Insurance is one of the world’s oldest industries, however the process of assessing risk and collecting premiums and paying claims hasn’t changed a lot over the years, primarily because the insurance industry has been one of the least innovative to date. This is however about to change as the industry looks to the future as both artificial intelligence (AI) and digitalization will create huge opportunities and will play a significant role as these growing technologies have the potential to disrupt the entire industry. So what will change and how will this affect the captive industry?
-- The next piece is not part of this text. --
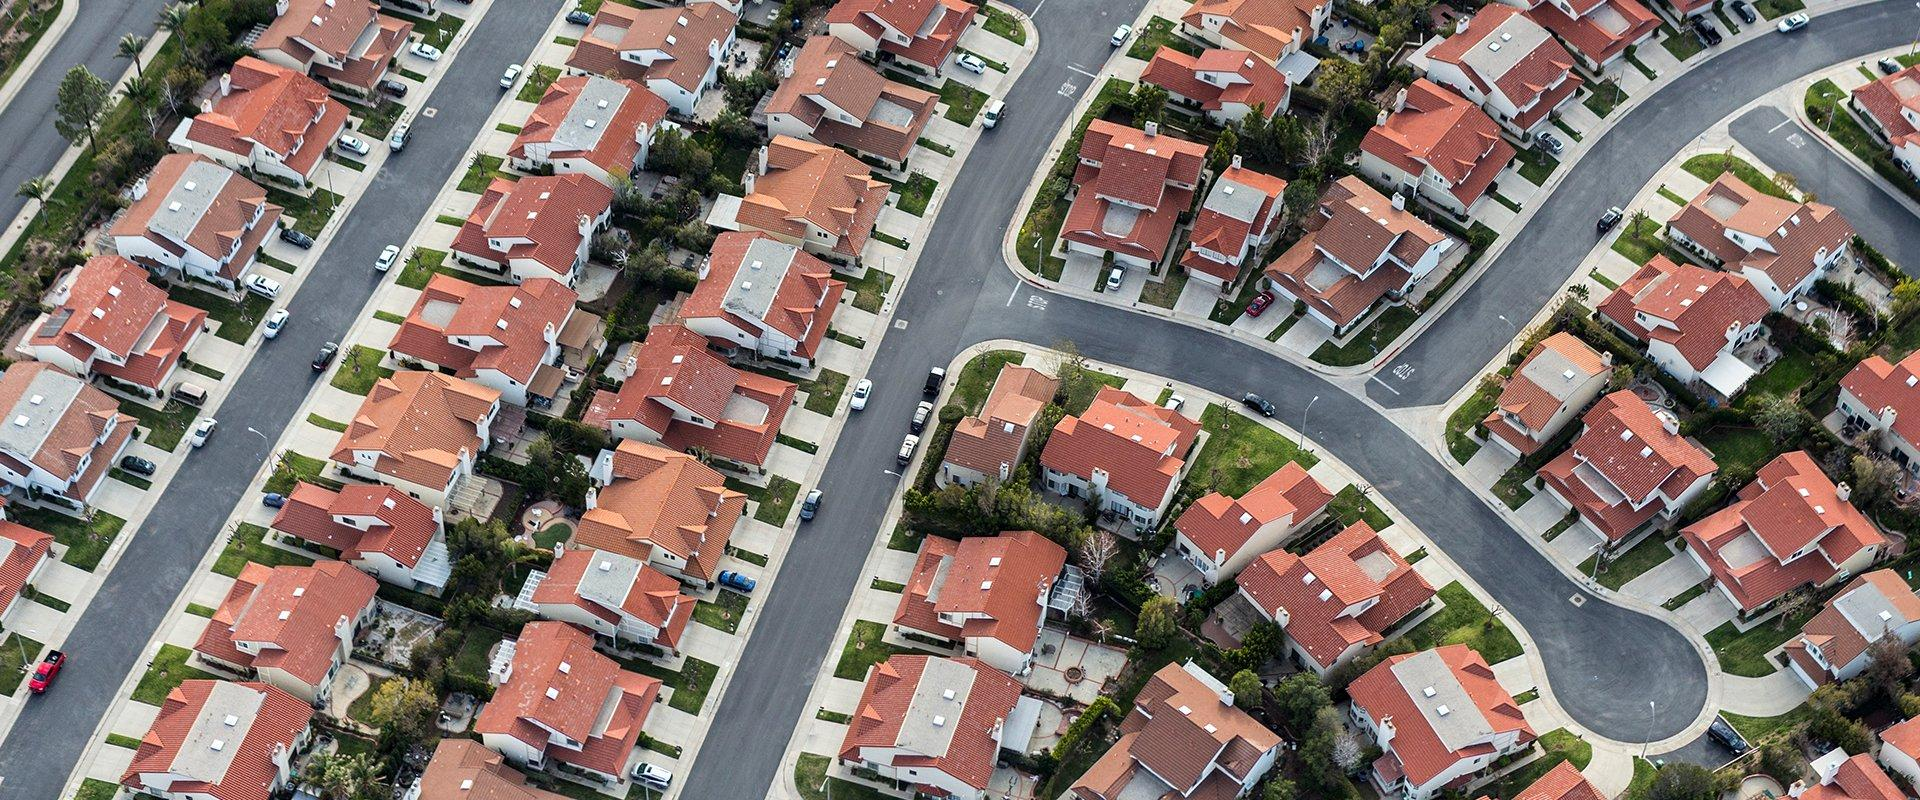 aerial view of a neighborhood in sacramento california

The underwriting process will change through the use of digital technology; becoming streamlined, efficient, and a better experience for the customer. In Australia for example you can use your smartphone to take a picture of something you want to insure, such as a bicycle, upload the picture, request a policy and within a few seconds you get an offer that you can accept or decline. We are beginning to see the use of telematics, being the flow of information from connected devices to insurers, who use the information or data collected for risk assessment and pricing. All of this means insurers will spend less time and money on underwriting as AI can automate the entire process. This can be extended to scanning a customer’s profile for trends and patterns in order to offer the right products and amount of insurance, while protecting insurers from riskier customers.
Turning to healthcare, since 2000 more than US$ 200 million has been poured into healthcare venture capital, mostly targeting biotech, pharma and devices that while important, mostly increase the cost of healthcare, but only a fraction of spending has been targeted at consumers to empower them to play a more active role in managing their own health. If this can be fixed – perhaps through the use of apps that monitor different aspects of a person’s health – hopefully this will benefit not only the individual, but the system as a whole.
The traditional claims process means a file can be touched by many employees, however a new process of touchless claims doesn’t require human intervention. This process uses AI and other technology to report the claim and contact the customer. At the same time the system can audit prior claims or even through links with other insurers determine whether multiple claims are being filed and claims patterns monitored in order to cut down on the possibility of fraud through the use of advanced analytics.
There will be changes in risk profiles through the use of AI technologies such as self-driving vehicles, as while they have the potential to reduce risk they would not eliminate risk entirely and will introduce new risks and complexities of risk such as through the failure of the self-driving mechanism or hacking.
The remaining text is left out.